What are Neural Networks
The human brain is the most efficient processor known to mankind. Its ability to analyze data and make decisions in real time has not been matched. This has not stopped scientists and researchers from trying to recreate something similar, neural networks. As the name suggests, a neural network is a network of neurons connected together.
As Applied To Artificial Intelligence
In Artificial Intelligence (AI) a neural network is a computer system modeled on the human brain and nervous system. The inventor of the first neurocomputer, Dr.

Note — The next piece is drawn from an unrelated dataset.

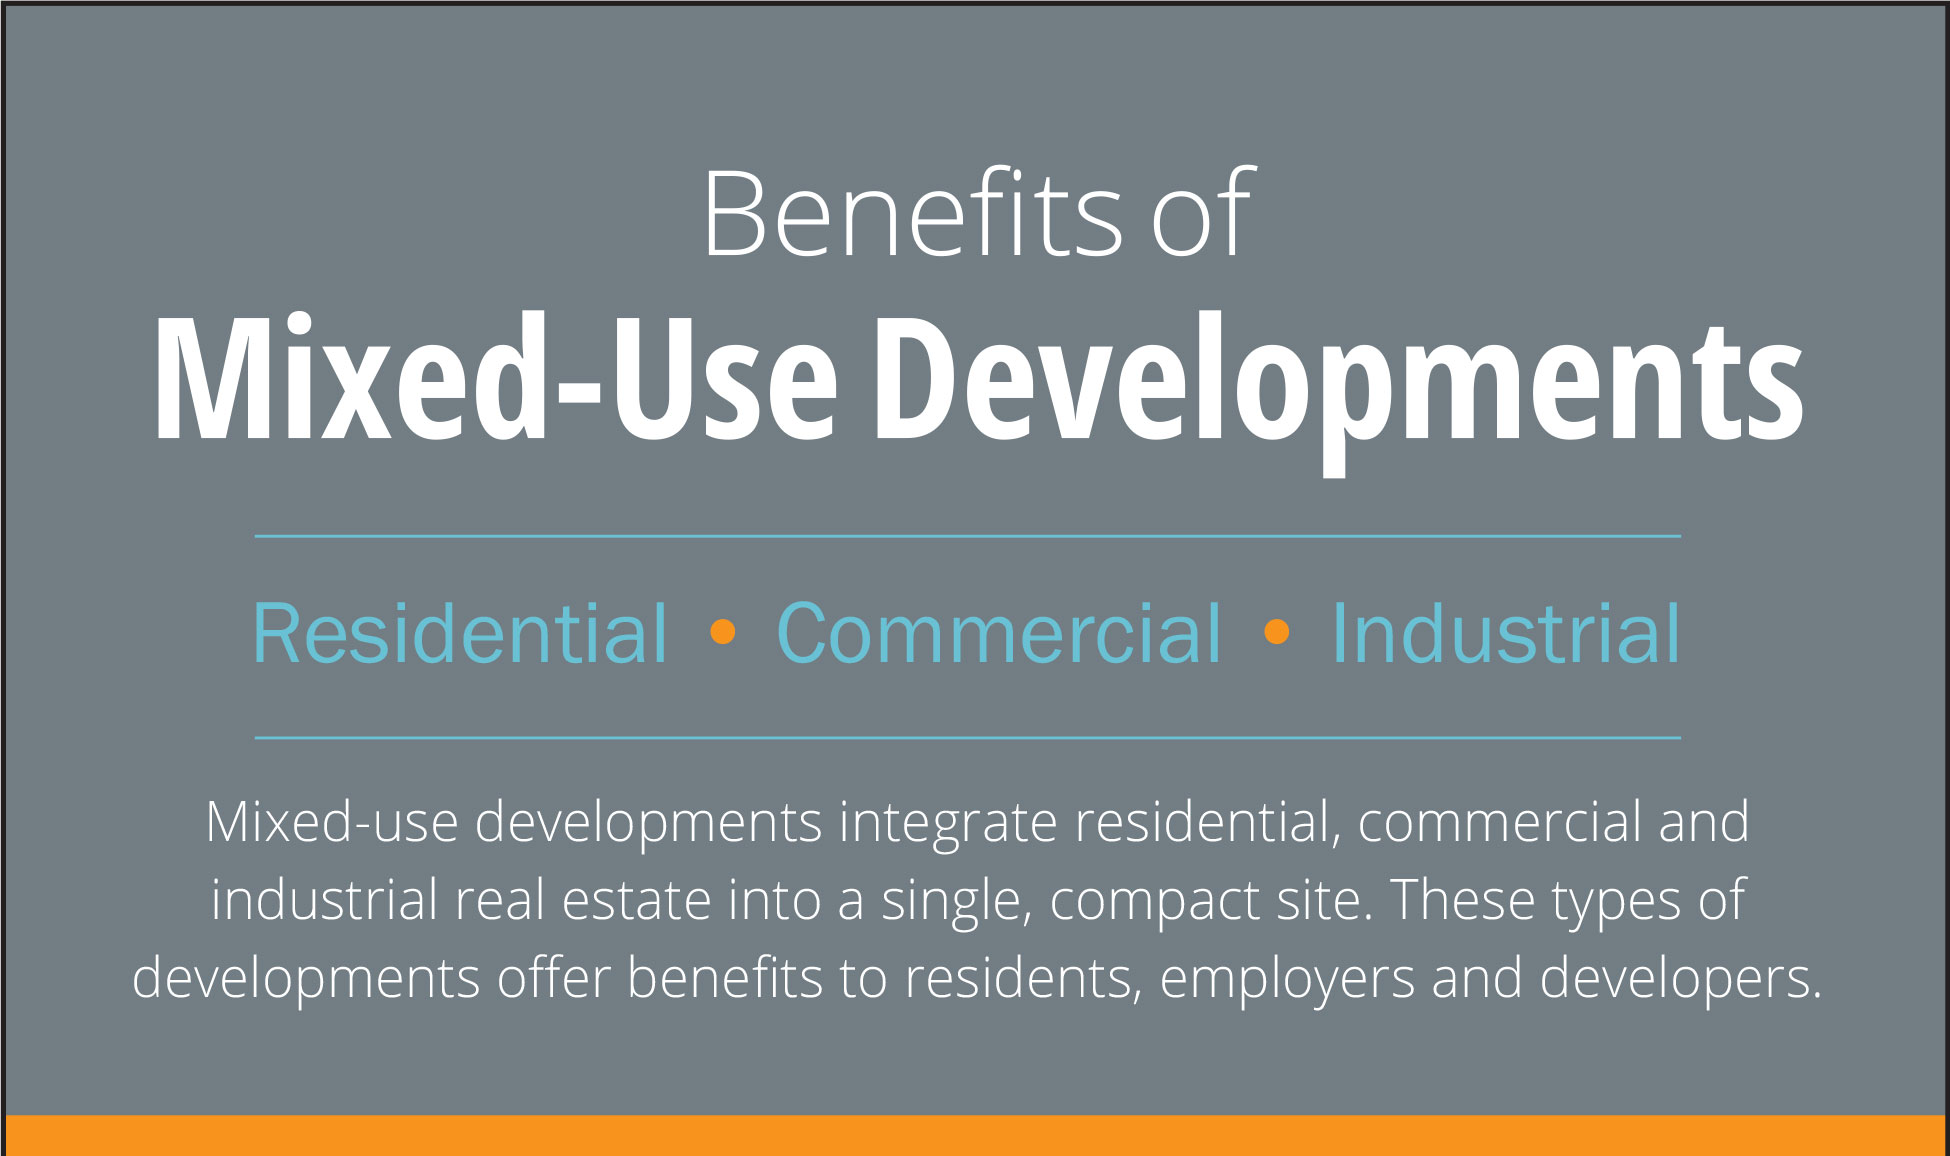 The Benefits of Mixed-Use Developments

Robert Hecht-Nielsen, defines a neural network as…
“…a computing system made up of a number of simple, highly interconnected processing elements, which process information by their dynamic state response to external inputs.”
The idea behind the neural networks is that the workings of a human brain can be replicated by using silicon wires as neurons and dendrites. The networks are made up of a number of nodes, where each node replicates a neuron. These nodes are all connected together and can interact with one another. They can take input data and perform single operations on the data. The result is passed onto the next one and the output of each node is called its activation or node value.
Feedforward and Feedback
Each node is associated with a weight. Neural Networks are capable of learning, which takes place by altering weight values. There are two types of neural networks; Feedforward and Feedback.

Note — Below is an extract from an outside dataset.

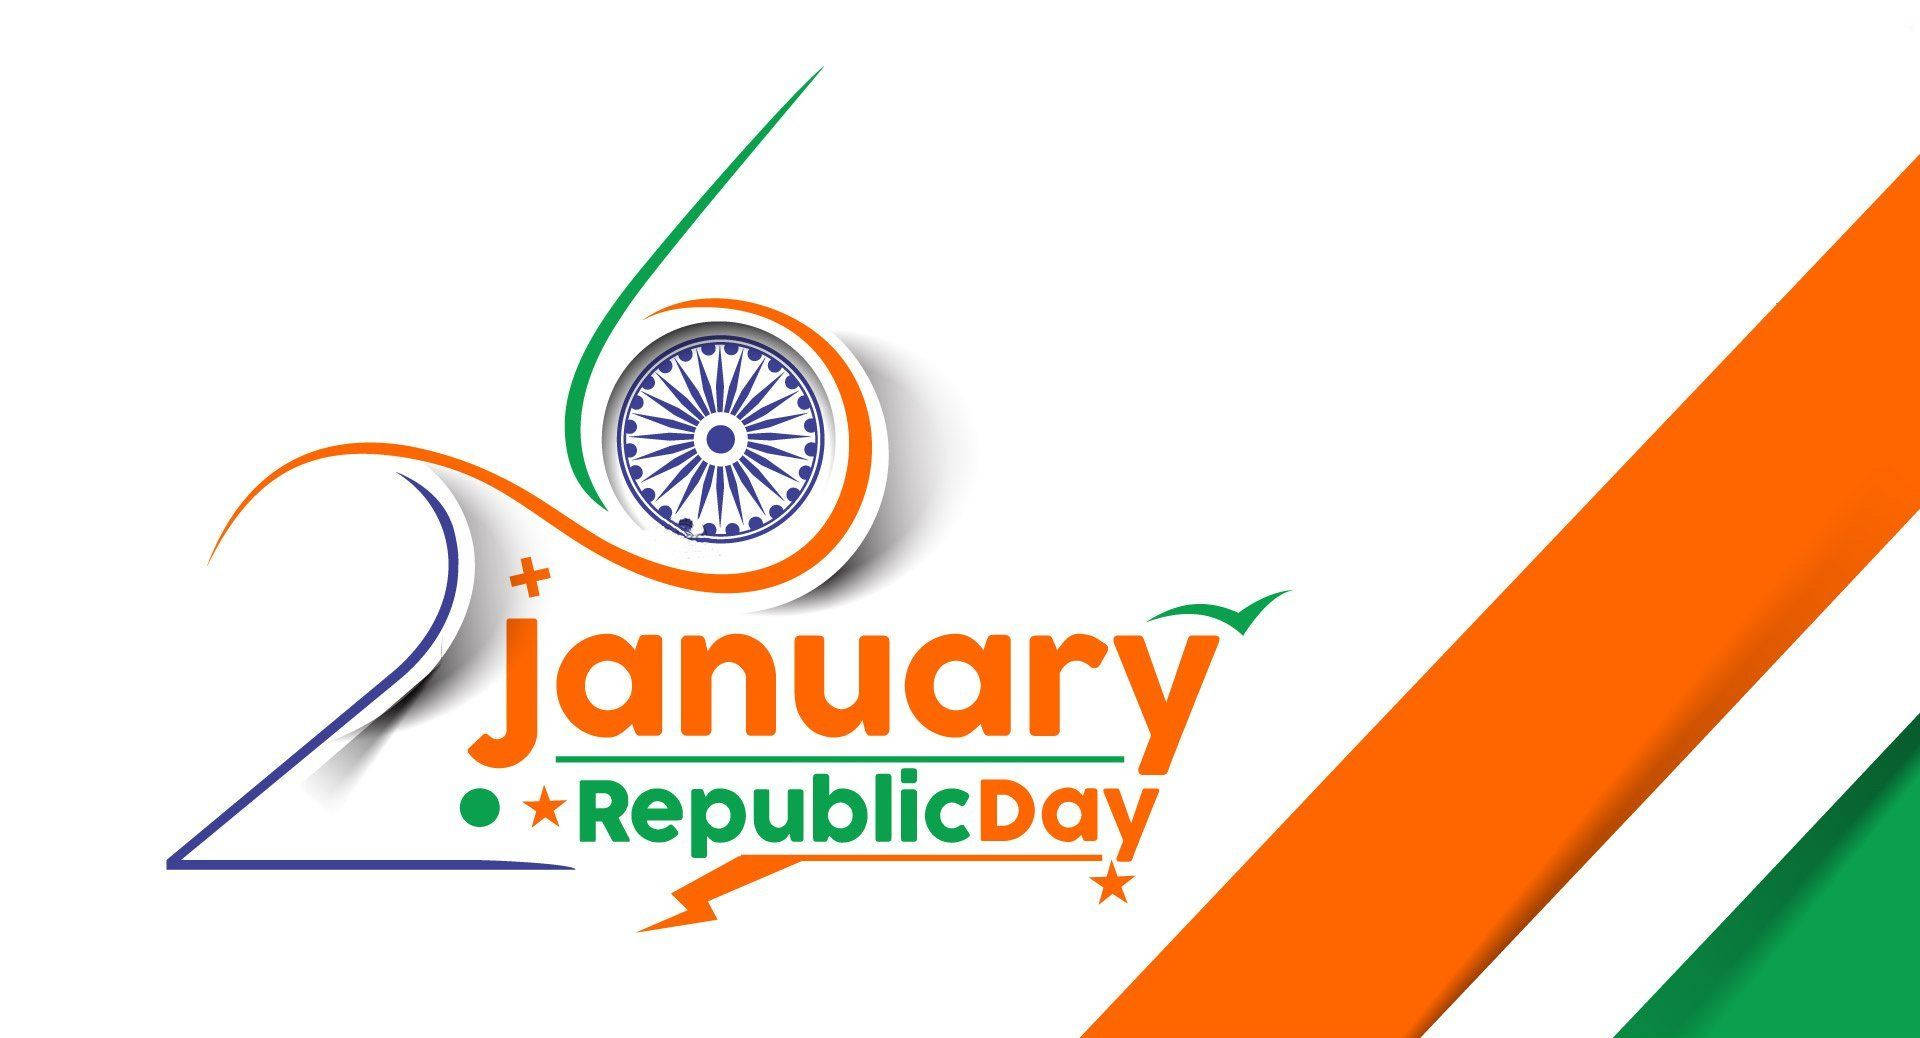 Simple India Republic Day 26 January Poster Design Wallpaper

In the feedforward network, the information flows in a single direction. A unit sends information to another unit from which it does not receive any information. There are no feedback loops. They are used in pattern generation, recognition and classification. They have fixed inputs and outputs. Whereas, in feedback networks, feedback loops are allowed. These are used in content addressable memories.
There is a connection between the two neurons or nodes which act as a pathway for information to flow through. As mentioned earlier, each connection has a weight. This is an integer number and controls the signal between the two nodes.
If the network generates the desired output, the weights remain as they are and there is no need for them to be changed. The other case is that the network generates an undesired output. In that case, the system alters the weight in order to improve the results and the cycle is repeated until the desired output is reached.
Relation To Machine Learning
Like the brain, neural networks also have the capability to learn and this is where machine learning comes in. Different machine learning techniques can be employed to ensure progressive learning and improve the system in real time. We will see a little more development in the field. Machines will be replacing humans for simple but arduous tasks in the near future.